The project has now generated positive results in multiple disease models of cancer and pain. The results show desired treatment effects that are important for Kancera´s further product development and commercialization of the project. The results will be published at a later date, in collaboration with the academic partners involved. In light of the positive results Kancera Board have decided to acquire the Fractalkine project. The acquisition will be carried out in connection with the completion of the ongoing transfer of results and know-how from Acturum and AstraZeneca to Kancera.

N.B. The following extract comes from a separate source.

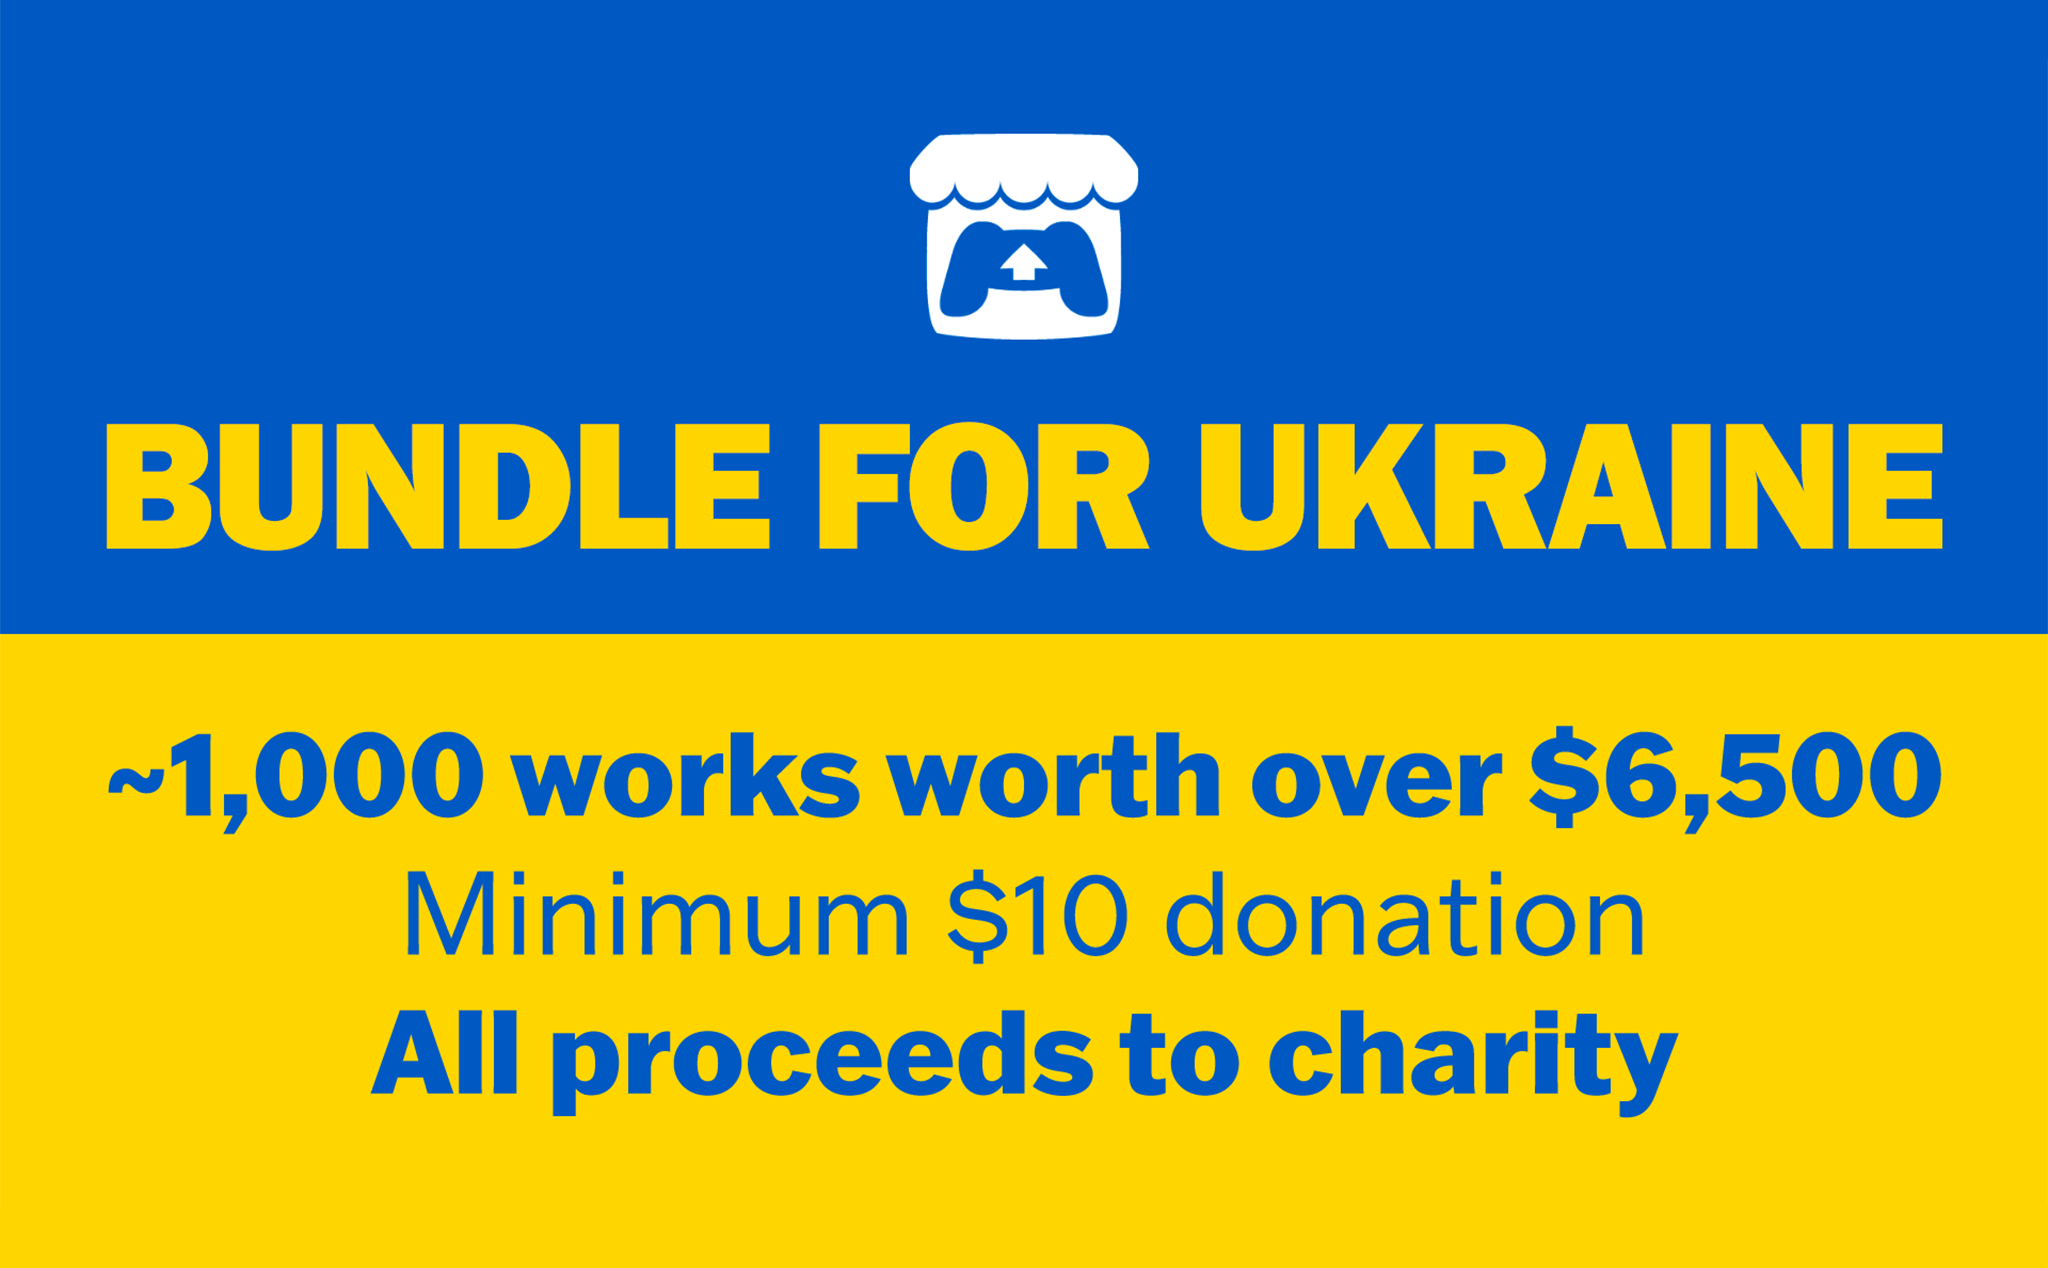 Gói indie game đặc biệt đã thu hút được gần 4 triệu USD cứu trợ cho Ukraine

Payment for the project to Acturum Life Science AB will be made into three steps by a total of 6,000,000 shares, of which the first payment is due at the submission of the application for authorization of a clinical trial after an approval by Kancera´s shareholders. In parallel, the company intends to validate a broader use of the drug candidate (KAN0440567) in order to demonstrate its full commercial potential.


The Fractalkine project

Fractalkine is an immune regulatory factor that sends signals via the CX3CR1 receptor, also called G-protein coupled receptor 13 (GPCR13). In the healthy individual, Fractalkine and its receptor regulate migration of immune cells from the blood capillary wall into areas where the immune system is needed. Animal studies show that Fractalkine and its receptor are not essential for survival and that important immune functions remain intact indicating that inhibition of the Fractalkine signaling by a drug probably will be tolerated without significant adverse effects. Fractalkine and its receptor have been linked to the growth and proliferation of pancreatic, breast and prostate cancer. Also, cancer cells that have the Fractalkine receptor on their surface migrate towards nerve ends that have Fractalkine on their surface. Thus, cancer cells are led to surround and apply pressure on nerves and thereby cancer pain may arise.

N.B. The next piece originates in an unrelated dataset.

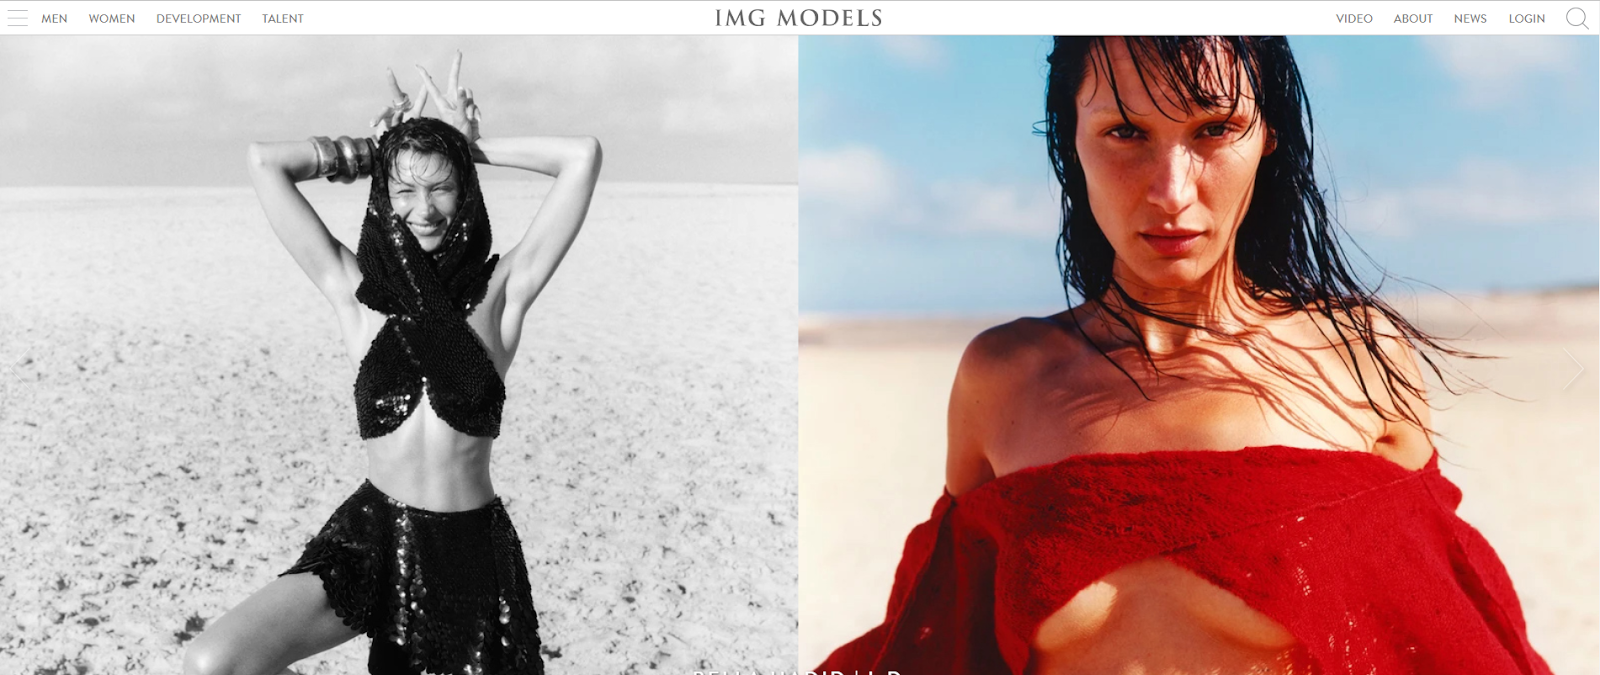 IMG Models

Another proposed mechanism for how Fractalkine and its receptor affect the development of tumors is that they contribute to the transformation of the body’s macrophages from being a threat against the cancer (the M1 form) to supporting the cancer (the M2 form). This mechanism is also suggested as a predictive factor for responsiveness to the new immuno-oncology drugs that act through PD-1 and PD-L1 such as nivolumab, pembrolizumab and pidilizumab. During 2014 and 2015 studies have been published demonstrating that the absence of Fractalkine in tumor cells is a significant marker for how successful the immuno-oncology treatment is expected to be (see e.g. the publication in Nature on November 27, 2014, Vol. 515, pp 563). In the light of these observations, there are good reasons to further study if inhibition of the Fractalkine signaling with KAN0440567 (AZD8797) has the potential to increase the proportion of patients responding to the new immuno-oncology drugs that act through PD-1 and PD-L1.